See One, Say One, Teach One
Yesterday I told a woman she has Alzheimer’s Disease. I knew it from the start. She came in with her daughter, seemed very confused, disoriented, lost. She was no longer gardening; she claimed to have spoken with her mother, who died 30 years ago; she didn’t recognize her grandchildren. And she couldn’t even remember me, her doctor.
For the most part, I find standardized patient exercises to be forced. Contrived. You know how you’re supposed to act, know you’re being videotaped, know
the
patient
actor is going to evaluate you. And he or she knows their name, their symptoms, and anything else they’ve been told to incorporate into their story. Yesterday
was no different, if only a bit less organized. We went through the motions, asked the questions, listened attentively. They even had another group of people playing
the patient’s family members; some wanted to help the patient, others didn’t care, and the husband was playing up the physical and emotional exhaustion.
He even got a few tears going on command. As a former theatre dweeb, I was impressed.
My group met after the patient left to come up with the diagnosis; we were told that we “ran multiple tests, and all other causes of dementia came back negative.” We decided we would call the patient and her daughter back into “our office,” tell her the diagnosis, and then bring the rest of the family in to help figure out the best way to care for the woman. My classmate and I were doing a “team interview” of the patient, and when she returned, we kind of bobbled back and forth. Explaining the tests we’d run, our differential diagnosis, and finally, I decided to be the one to say it.
“The cause of your memory problems is Alzheimer’s disease,” I remember myself saying. As the last words left my mouth, I felt an abrupt change in my attitude. The emotion and the reality had both kicked in. My two previous standardized patients had been “heart burn” and “arthritis,” and both paled in comparison to Alzheimer’s. I had just given a terminal diagnosis. Insignificant little me. I had predicted the future. Prognosticator of prognosticators. Great Seer of What Will Be.
In my spare moments over the past two days, I’ve thought a great deal about this: about the diagnosis, and about the diagnoser. The former can be such a double-edged sword. And it runs the gamut. From “that’s normal” to “it’s cancer.” And while most of the time you can predict the reaction, sometimes there’s solace in just being heard by a doctor. Relief in merely knowing that this is something that has been seen before, or something that at least comes with a plan of action. But no matter what the disease, the diagnosis always comes with a response, shown by the patient or not. From changing the way one lives life to complete and utter denial, the diagnosis–only a couple words long, and merely words, at that–can profoundly change someone. What a frightening power.

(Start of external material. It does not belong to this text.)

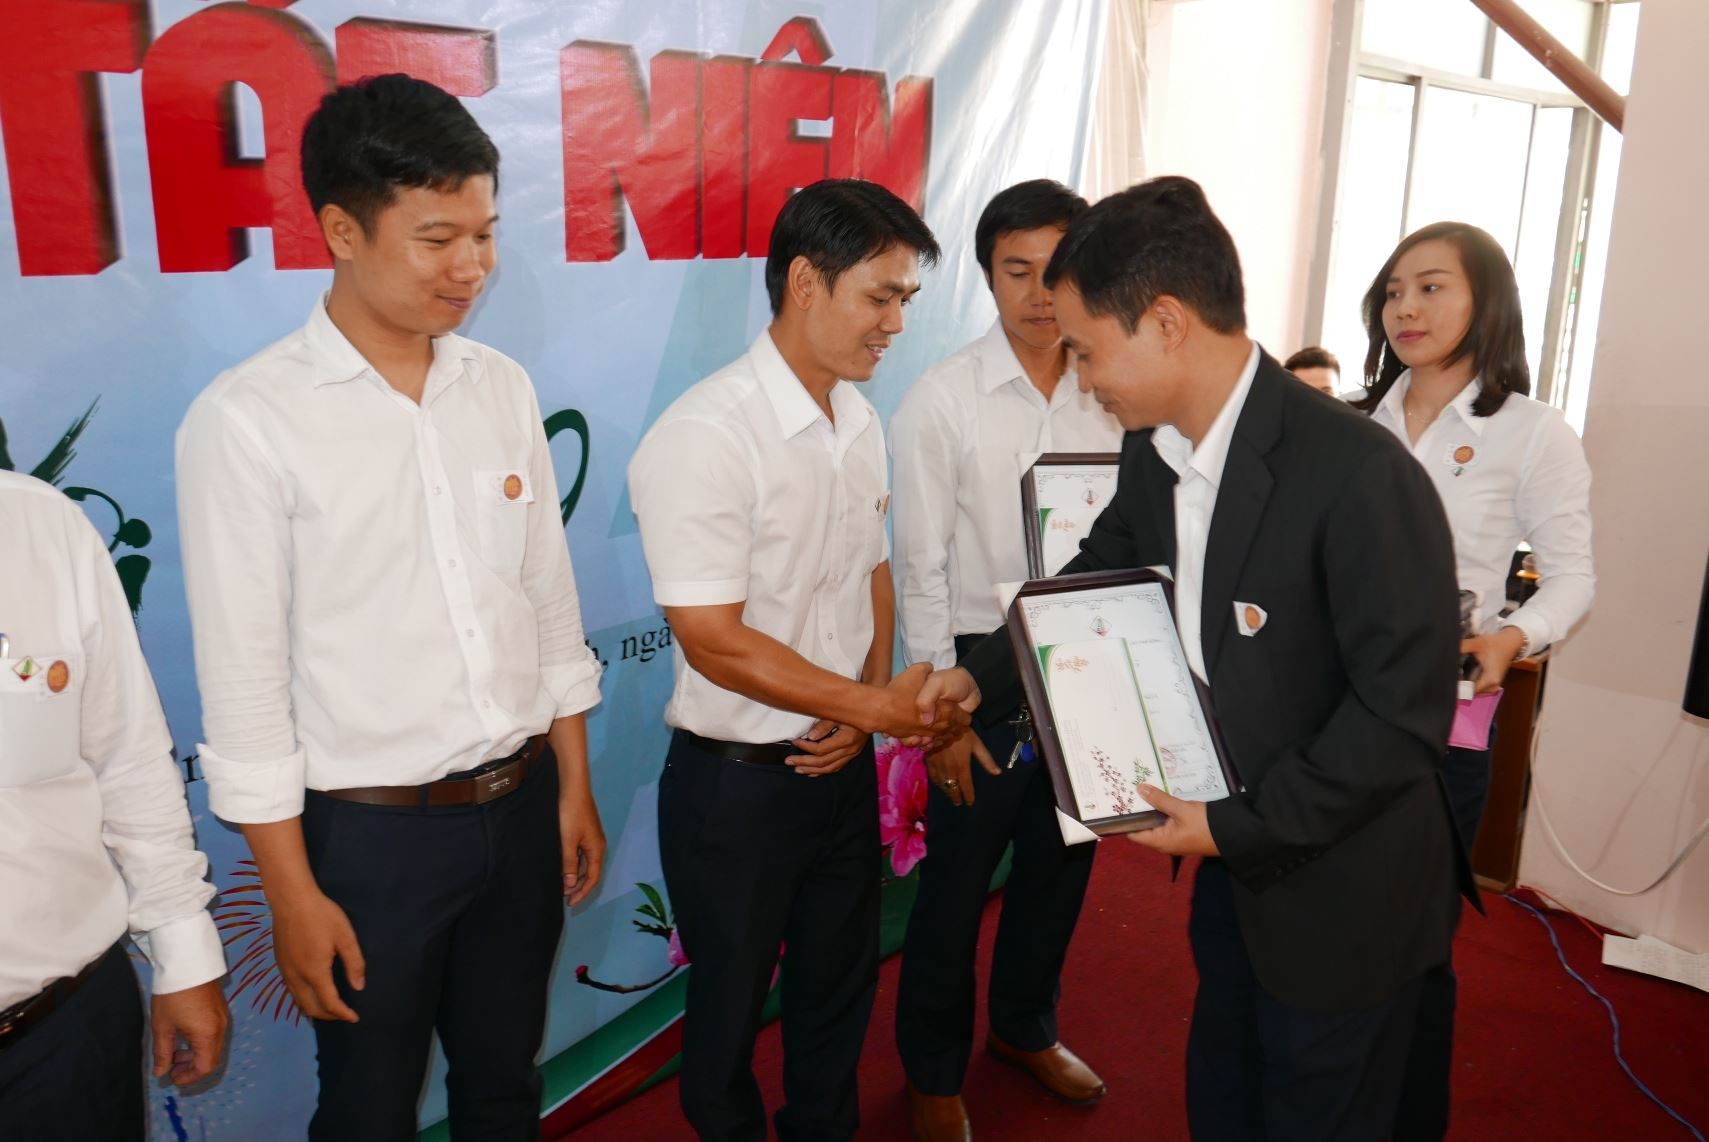 tat-nien-2019-cc1-mekong (13)

The power, of course, comes with responsibility. But who says that doctors are the best ones for that job? If there’s some sort of correlation between scoring well on science tests and relaying emotionally-weighted news, I haven’t read it. Granted, most medical students come in with an interest in the cliched “helping people” part, but that’s not to say that any of us will actually be any _good_ at it. Who am I to tell this person how long they’ll live? And, in the future, I guess the answer will be, “I’m her doctor.” And so, we learn how to break the news. We practice. See one, say one, teach one.
There’s more to the doctor-patient relationship than just revealing oneself to a doctor. It’s the trust that the doctor will make the best diagnosis possible. Because they both must realize, on some level, the amount of power it can wield.